Jonas Galusha (February 11, 1753September 24, 1834) was the sixth and eighth governor of Vermont for two terms in the early 19th century.

Biography
Galusha, born in Norwich in the Colony of Connecticut, moved with his siblings and his parents, Jacob and Lydia Huntington Galusha, to Salisbury in 1769. In 1775, his family then moved to Shaftsbury.

Galusha's father, Jacob, was a farmer and a blacksmith. Though their educations were limited and from the common schools, he and his brothers were leading men in the town and to some extent in the state.

During the American Revolution his brother David was a colonel in the Green Mountain Boys, and Galusha was a captain, fighting in the Battle of Bennington on August 16, 1777.

In 1778, Galusha married Mary Chittenden, daughter of Thomas Chittenden, Governor of the independent Republic of Vermont. The couple had nine children. Their son, Truman Galusha (The Truman Galusha House), also married into the Chittenden family, and moved his family to Jericho, VT, near Burlington. His home there is also listed on the National Register. Another son, Elon Galusha was a well-known Baptist clergyman, and famous abolitionist.

Career
A farmer and an innkeeper, Galusha was elected Sheriff of Bennington County, and served in that capacity through annual elections from 1781 to 1787.  In 1792 he was a member of the first Council of Censors after admission to the Union. (The Council of Censors met every seven years to review statutes passed by the Vermont General Assembly and ensure their constitutionality.) From 1793 to 1798 through successive elections, he was a member of the Governor's Council (a group of 12 men with powers which made it nearly equivalent to a co-ordinate branch of the legislature.  During that time, his wife, Mary, died in 1794; and he subsequently married Martha "Patty" Sammons, who died in 1797.  His third wife was Abigail Ward, who died in 1809.

Galusha was a county Assistant Judge from 1795 to 1798, and Judge from 1800 to 1806. He was a Judge of the Vermont Supreme Court in 1807 and in 1808. He married Abigail Ward in June 1808 and she died the following year. In 1808, he served as a presidential elector for the Democratic-Republican candidacy of James Madison.

The following year, Galusha was elected Governor of Vermont, serving until 1813.  He was both the predecessor and the successor of the Federalist Martin Chittenden, brother of Galusha's first wife, Mary Chittenden. During his governorship, he encouraged war with the United Kingdom in 1812. In 1814 he was a delegate to the Constitutional Convention. Galusha served another term as Governor of Vermont, elected year by year from 1815 to 1820. He was a presidential elector in the 1820 and 1824 elections.

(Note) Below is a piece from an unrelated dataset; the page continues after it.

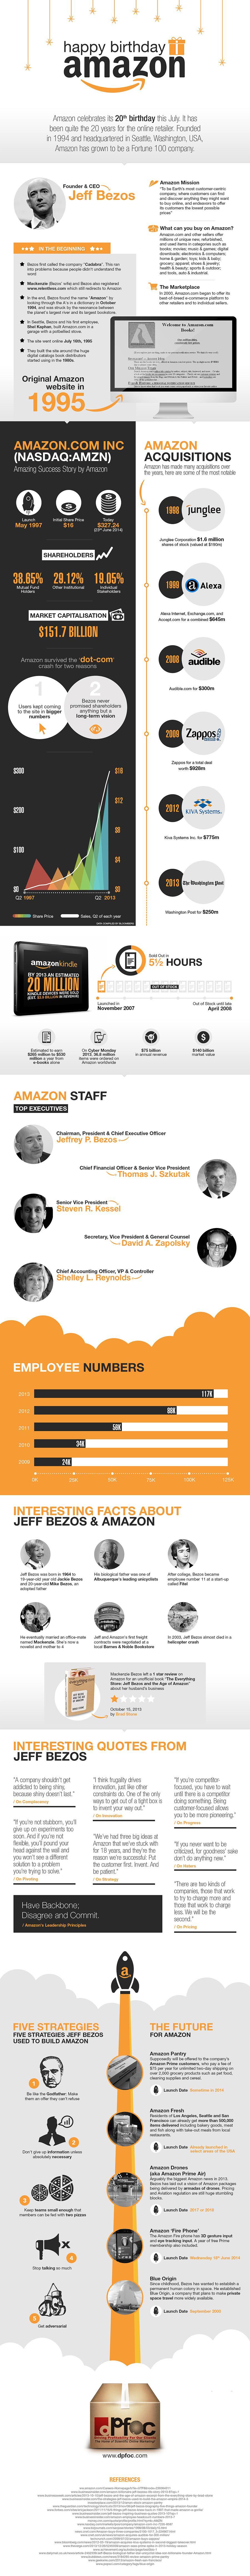 Infographic: Happy Birthday Amazon #infographic
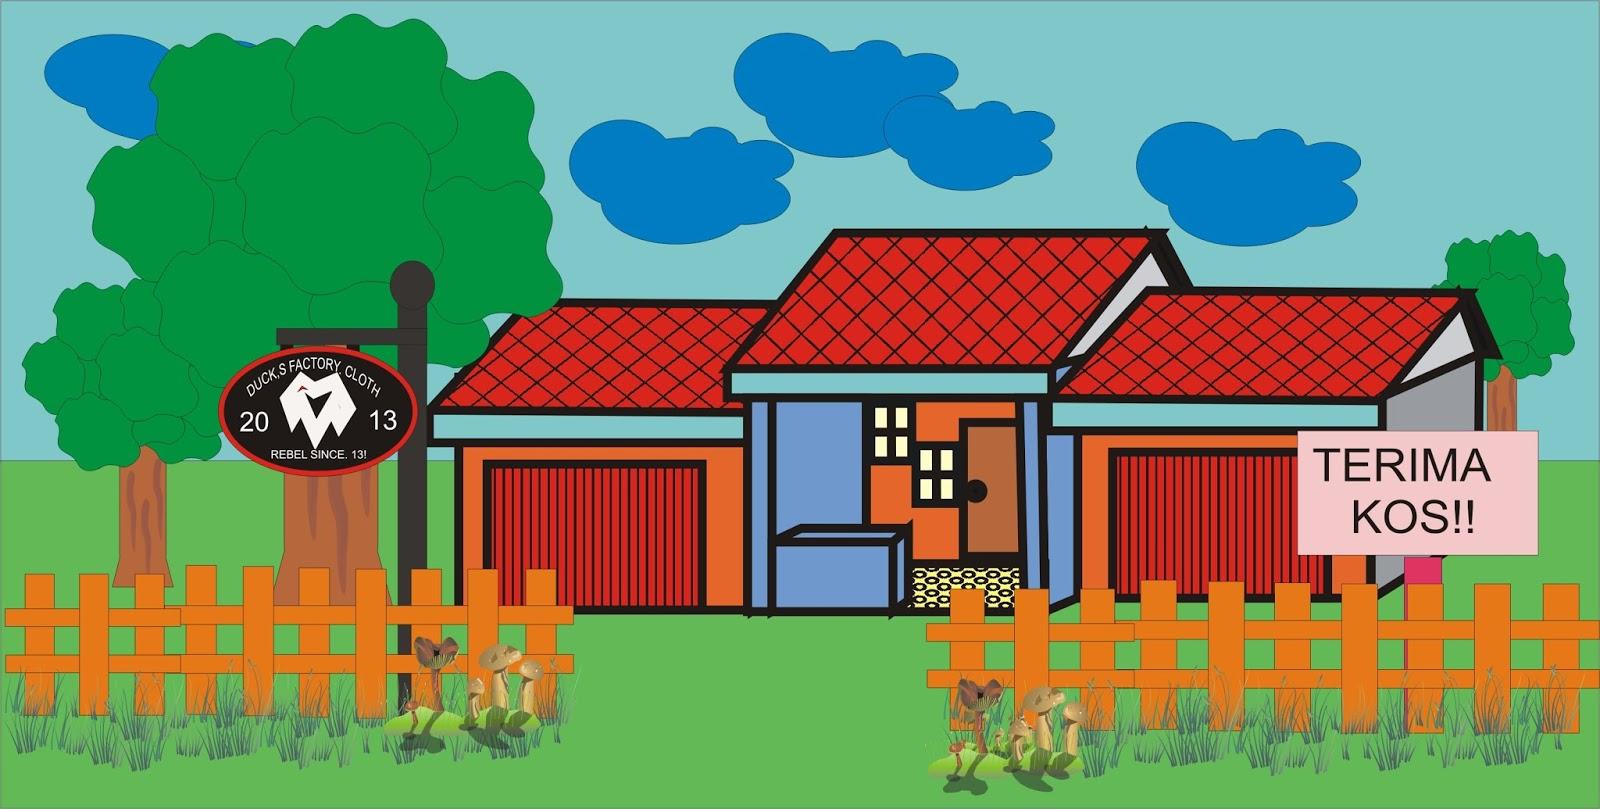 Gambar Desain Rumah Coreldraw  Images Cara Membuat Undangan Sederhana Dengan Coreldraw

Jonas Galusha was the namesake of Galusha Aaron Grow, a Congressman from Pennsylvania who served as Speaker of the United States House of Representatives.  Grow's aunt, who resided in Vermont, was asked to choose his name at his birth, and she selected "Galusha" because she admired Jonas Galusha, and "Aaron" because it was the name of her husband.

Death
Galusha's fourth wife, Abigail "Nabby" Atwater Beach Galusha died in 1831.  He died in Shaftsbury in 1834. He was active in the Baptist Church. He is interred at the Center Shaftsbury Cemetery, Shaftsbury, Center Shaftsbury, Bennington County, Vermont.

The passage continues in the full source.